REQUIRED WORK |
The material below is to be copied exactly from the line with "PASHA Premium Quality" up to and including the line with "Legends of Rock", with nothing else kept and no pictures.

MATERIAL PROVIDED |
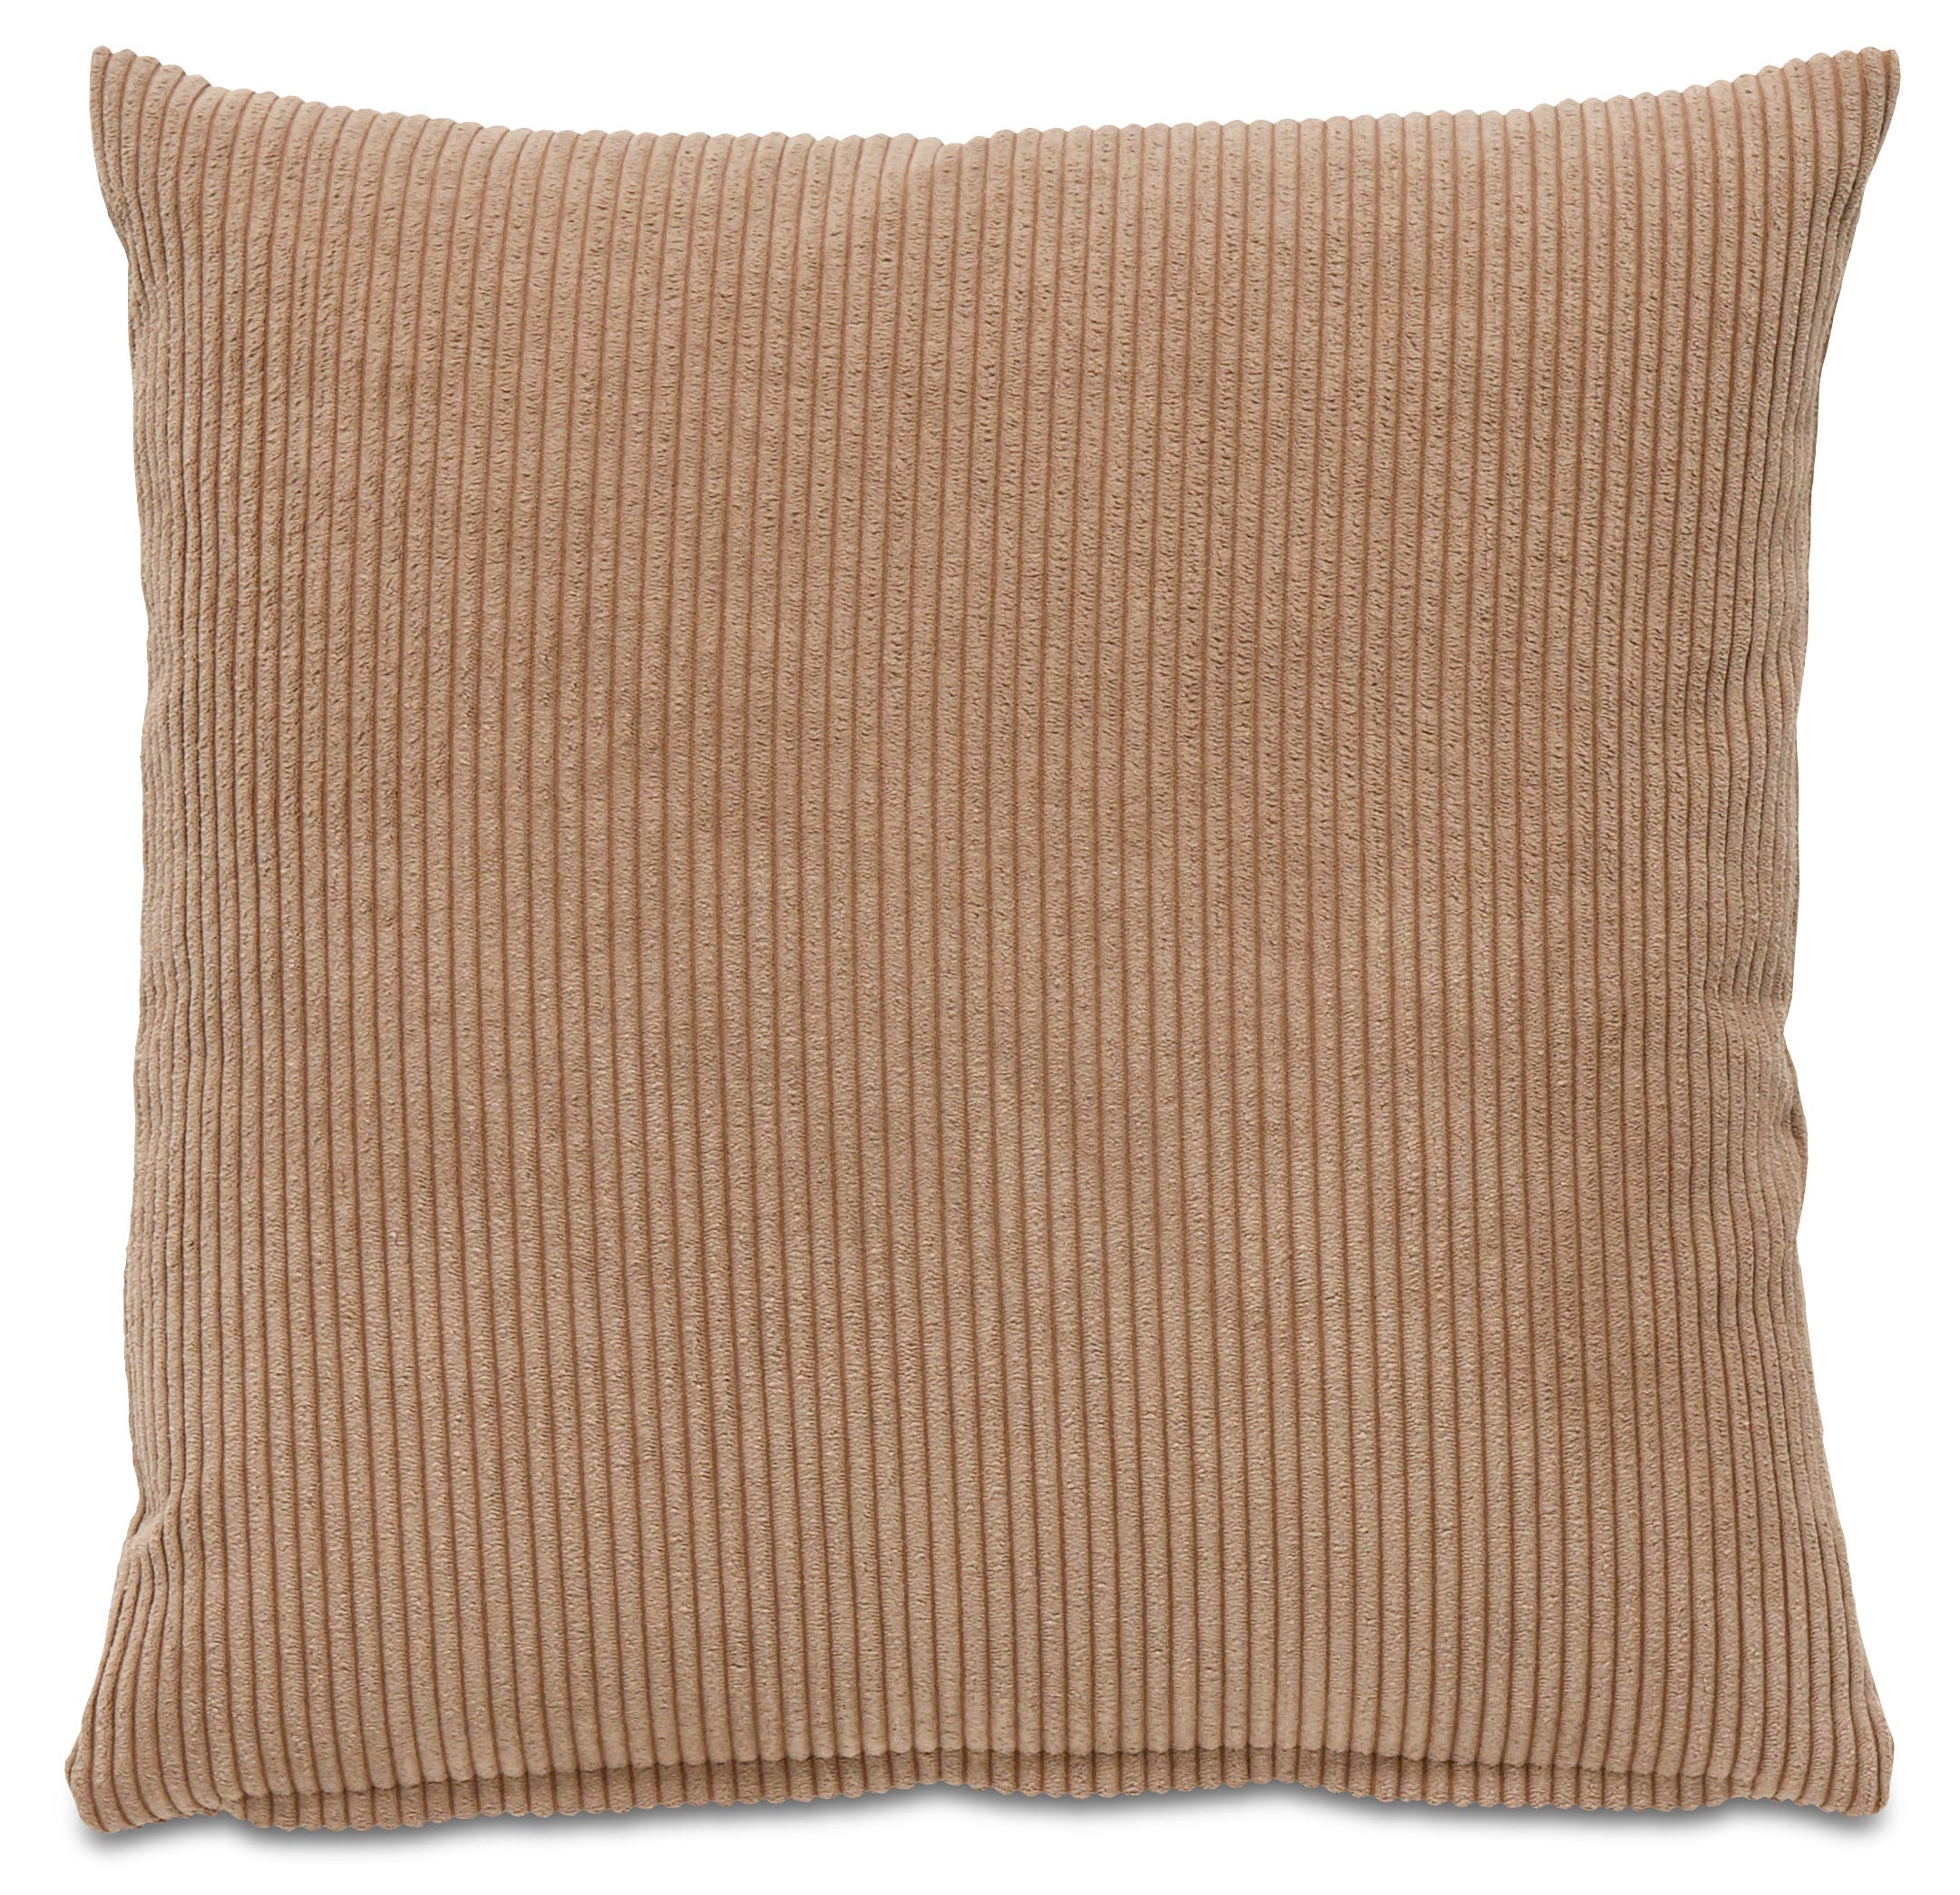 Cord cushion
--
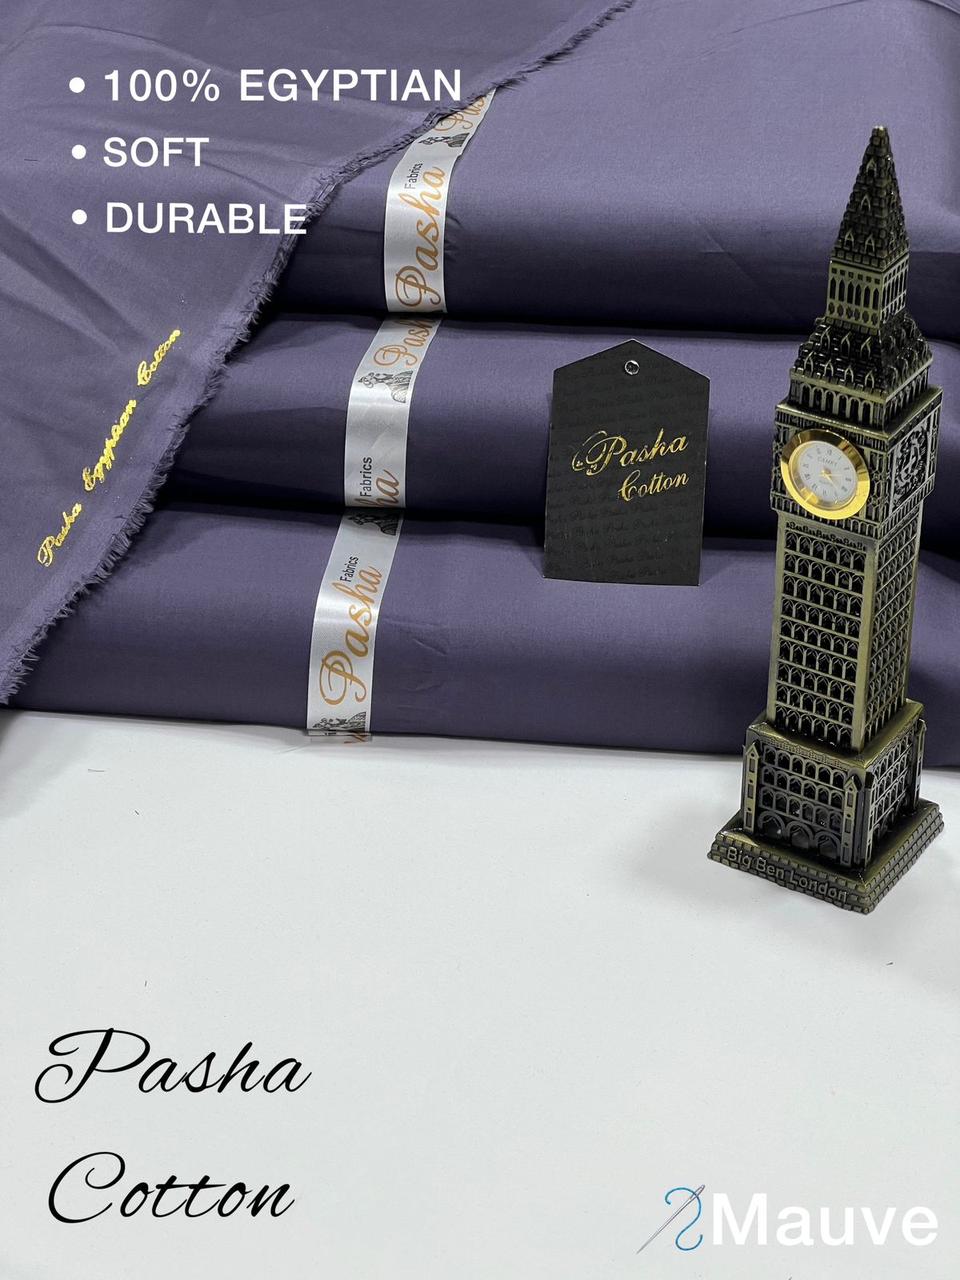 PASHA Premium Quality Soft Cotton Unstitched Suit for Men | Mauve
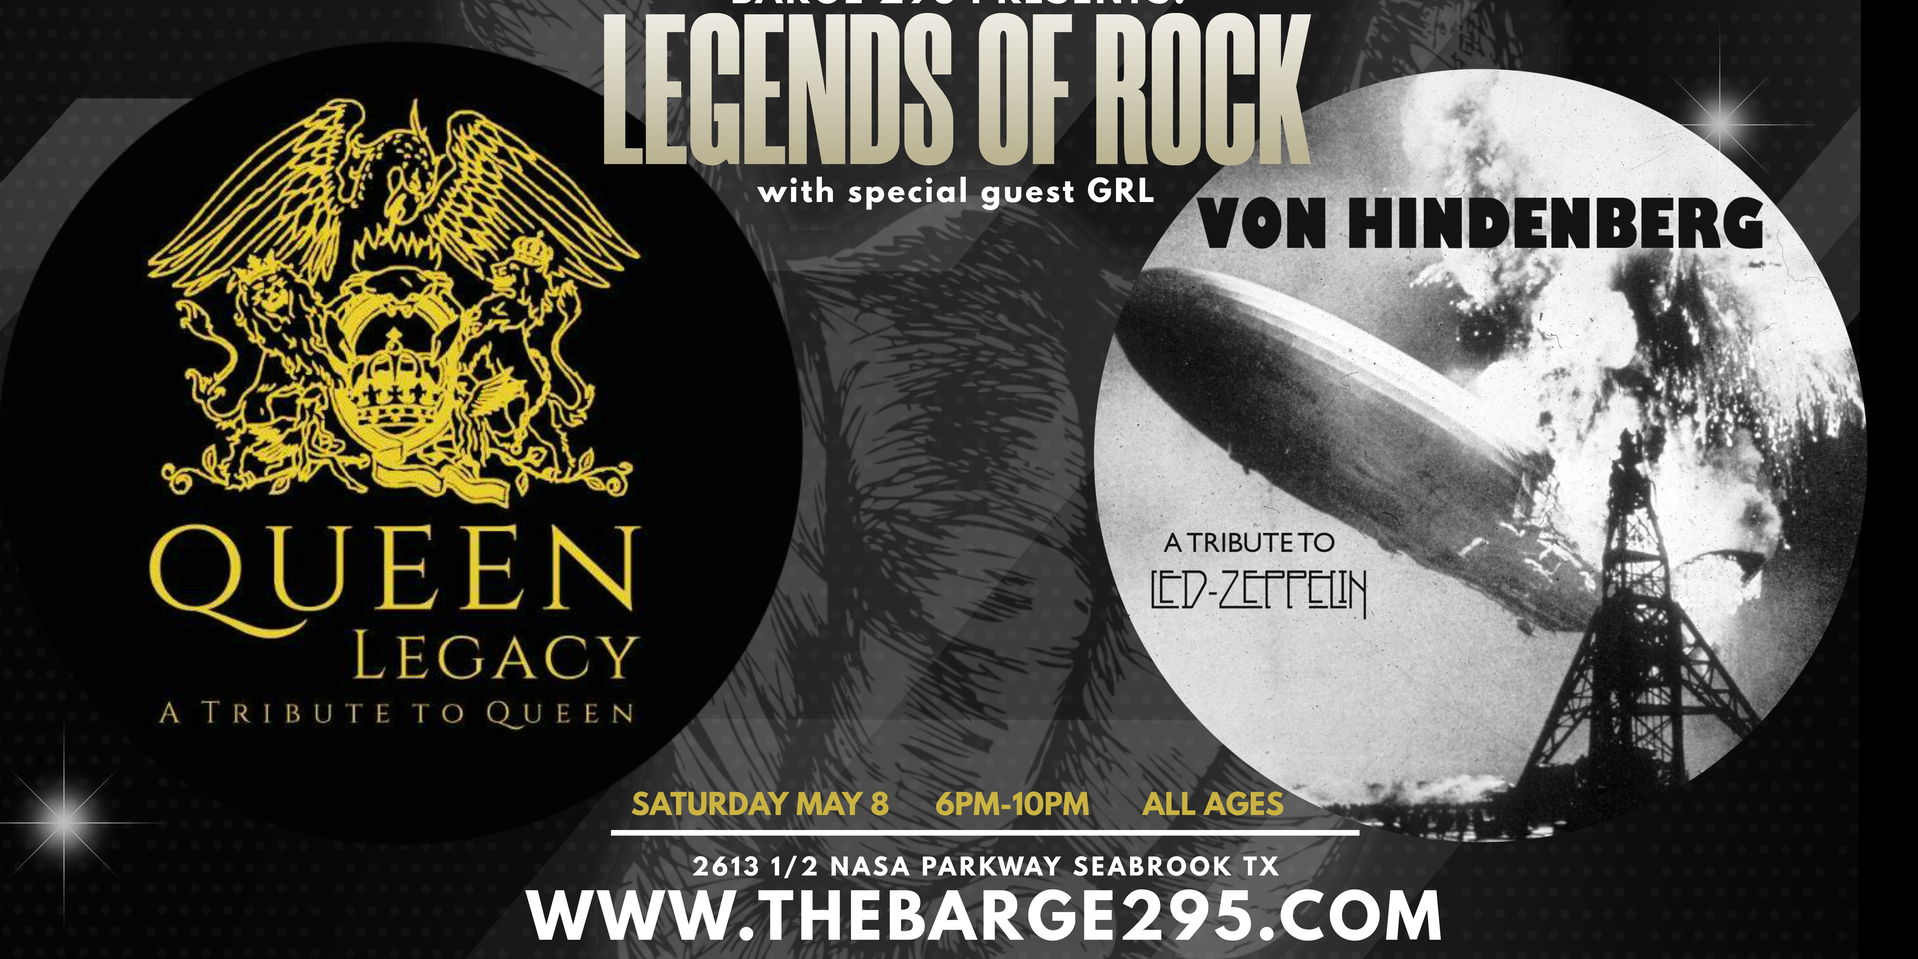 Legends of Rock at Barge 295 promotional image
--
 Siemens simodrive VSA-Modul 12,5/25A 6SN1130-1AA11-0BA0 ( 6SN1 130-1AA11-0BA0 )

FINISHED TASK |
 PASHA Premium Quality Soft Cotton Unstitched Suit for Men | Mauve
 Legends of Rock at Barge 295 promotional image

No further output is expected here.